SPURRING INTEREST — Author and former Bee columnist Ty Phillips said he has reached an agreement with Warner Horizon Television, giving the company an option on the TV/film rights to his first book, "Blacktop Cowboys: Riders on the Run for Rodeo Gold." Phillips wrote the book after traveling with a group of rodeo cowboys during parts of the 2004 Professional Rodeo Cowboys Association season. He said longtime Hollywood producer/writer/actor James Sadwith has written a script for a pilot and storyboarded six other episodes, and that Warner Horizon is shopping the series to various cable networks. Phillips' second book, "Glitter Jaw," is a collection of his Modesto Bee columns from 2004 to 2008. It debuts on Amazon.com and in Modesto bookstores next week.

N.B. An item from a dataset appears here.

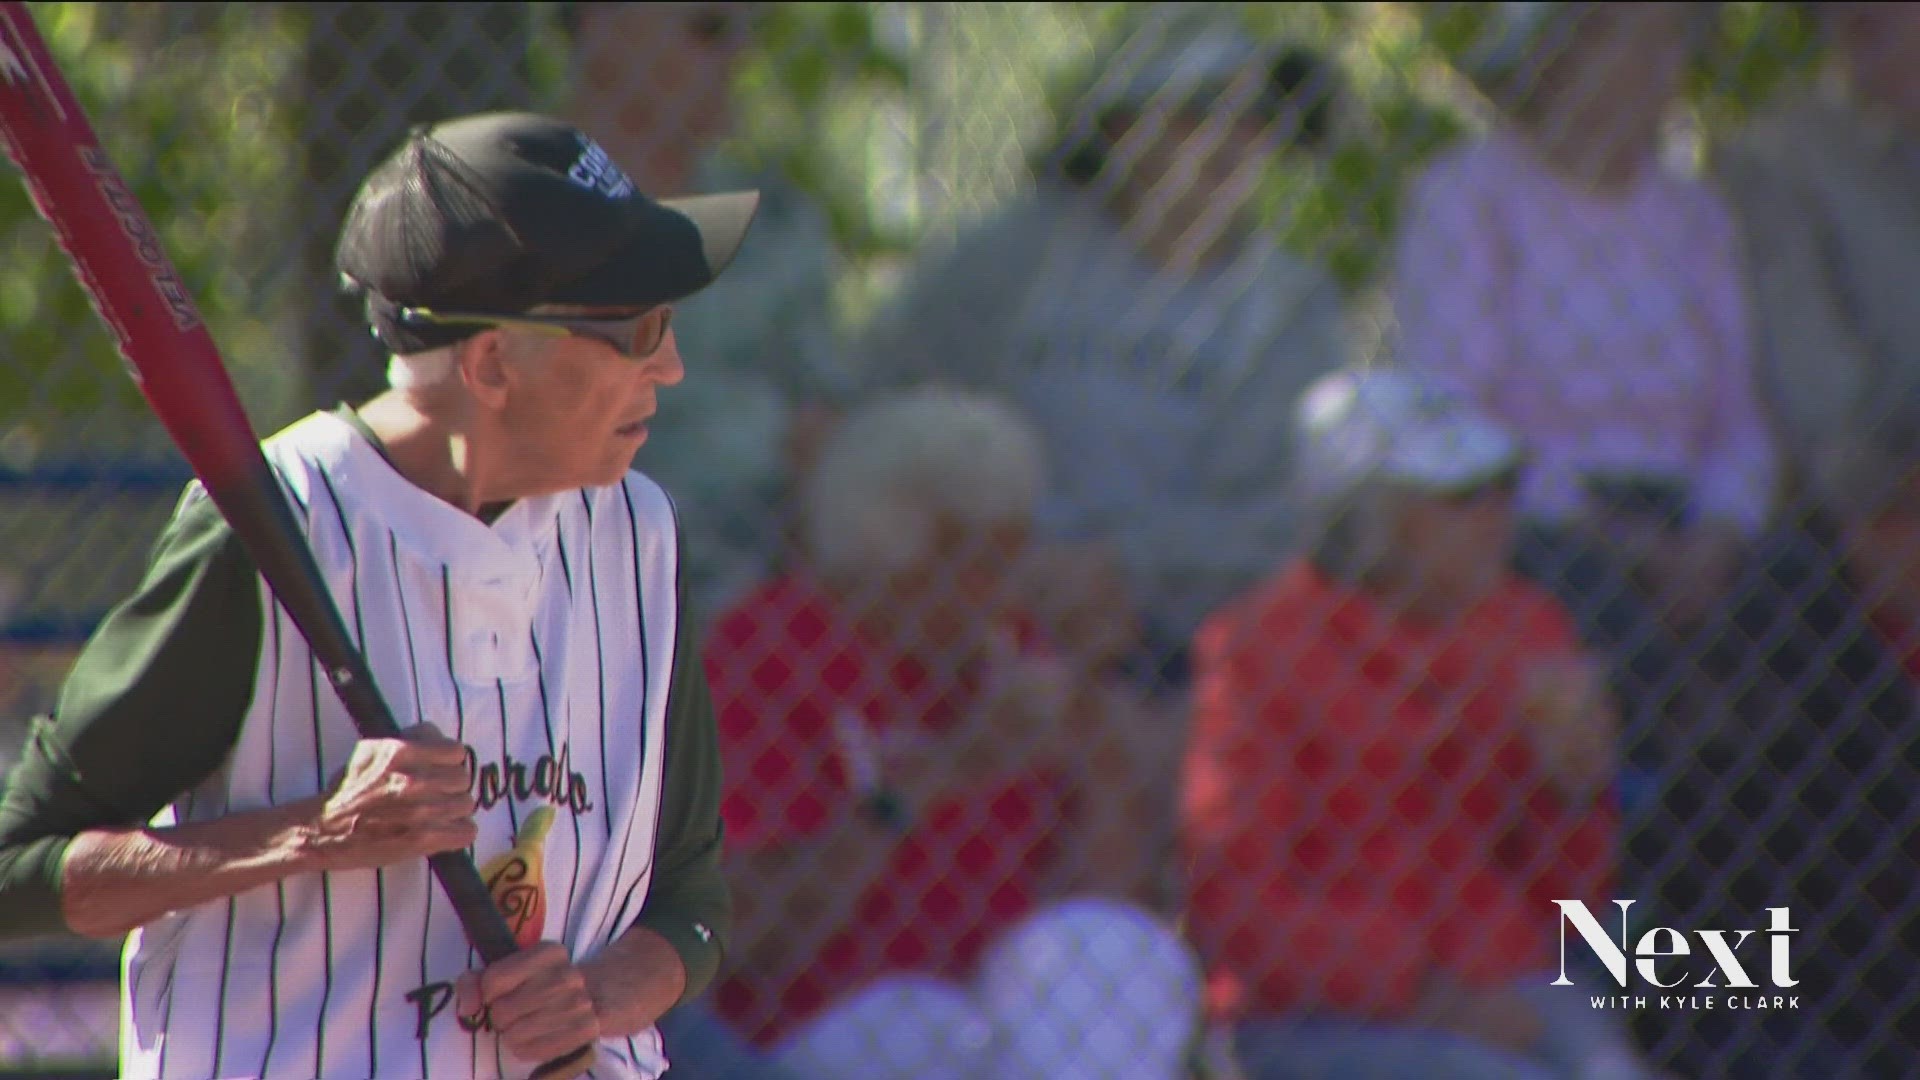 At the Peach Bowl, the Colorado Peaches women's softball team celebrated a beloved player inducted into the Huntsman’s Senior Games Hall of Fame, Maggie McClosky.

IN MEMORIAM — The legal community lost one of its own Nov. 29 when former Stanislaus County District Attorney Alexander Wolfe died at 79. Wolfe was one of three consecutive county DAs who was appointed to office before being elected. In fact, until Birgit Fladager was elected DA in 2006, you had to go back to 1955 to find a nonappointed DA, Frank Pierson. When Pierson resigned to go into private practice five years later, the county supervisors appointed Wolfe to replace him. Wolfe finished Pierson's term and then won elections in 1962, 1966 and 1970.

Wolfe unsuccessfully challenged Pierson for a judgeship in 1968. Wolfe resigned from the DA's post in 1973, just two days after testifying before a grand jury in an investigation into an aide's pay. When he left, Wolfe was the county's highest-paid department head. His salary? $27,750 a year. He returned to private practice and went on to enjoy a long and successful career.

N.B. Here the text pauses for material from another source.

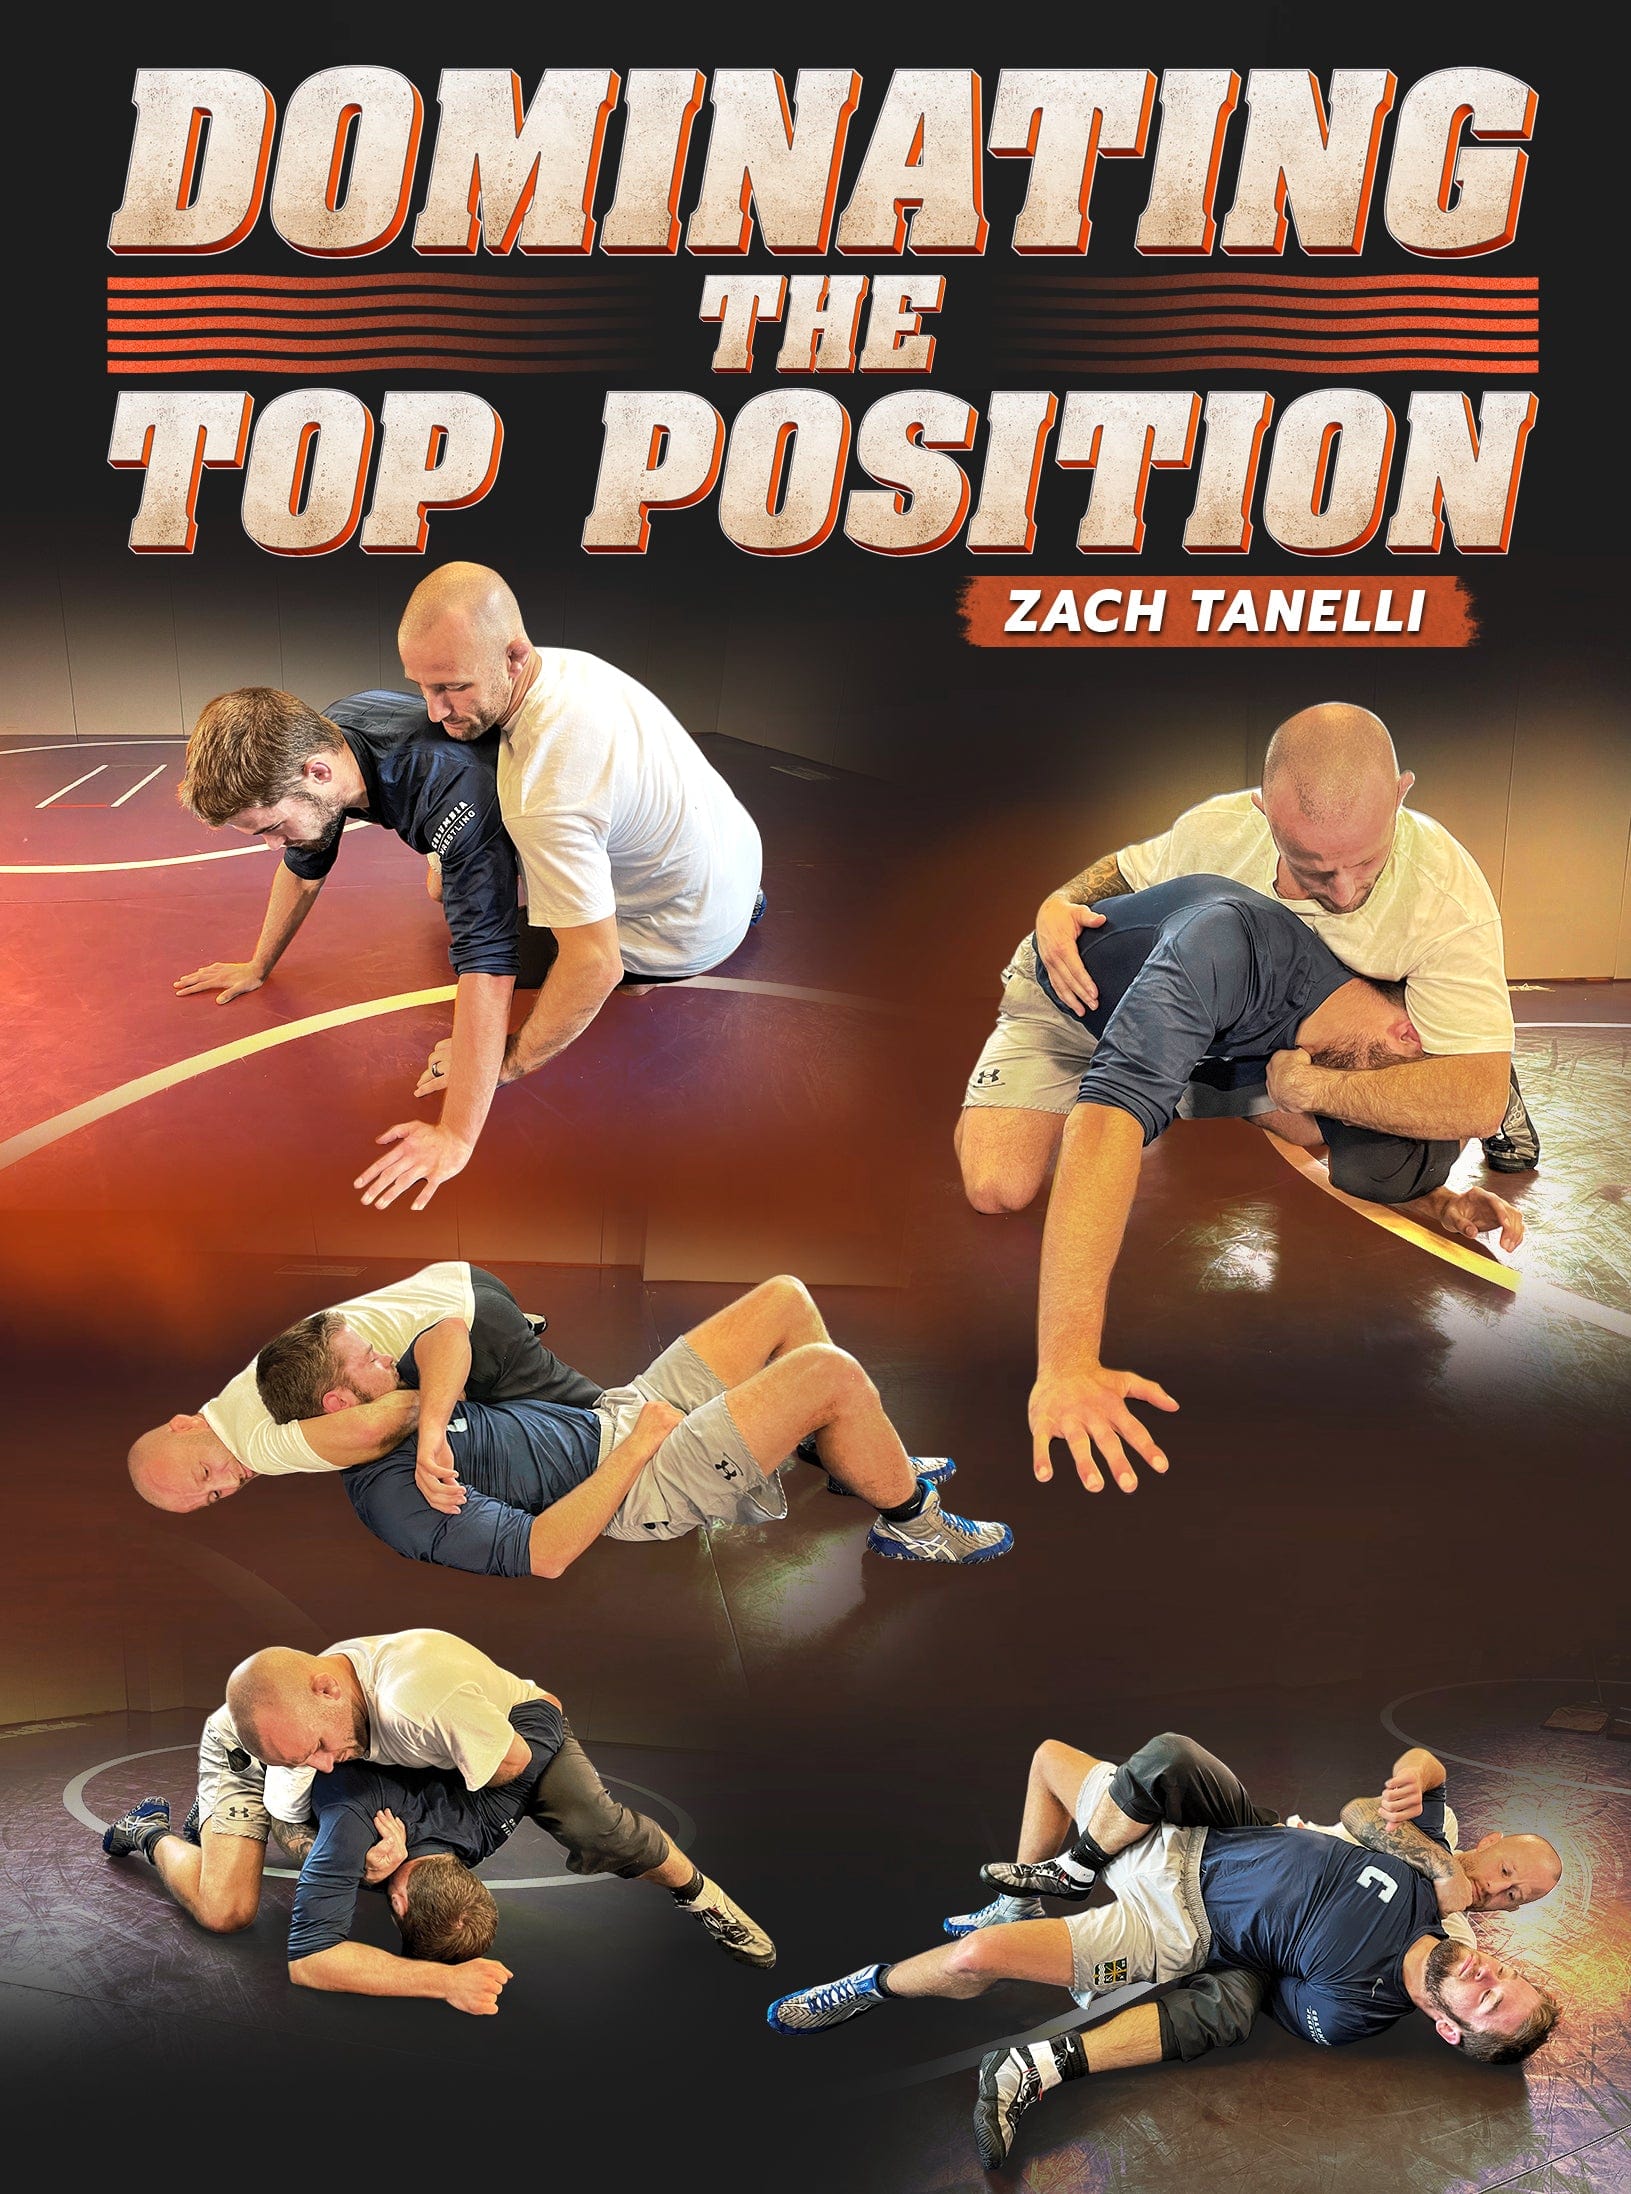 Dominating The top Position by Zach Tanelli - Fanatic Wrestling

The supervisors, meanwhile, appointed Don Stahl to replace Wolfe. Twenty-three years later, Stahl retired in mid-term and the supes named Jim Brazelton to replace him.

When Brazelton retired with 17 months left on his term in June 2005, the supervisors broke the trend by refusing to name a replacement. Assistant DA Carol Shipley ran the department for a year until Fladager won the election. Only then, after the voters had spoken, did the supervisors bump up her starting date to finish Brazelton's term.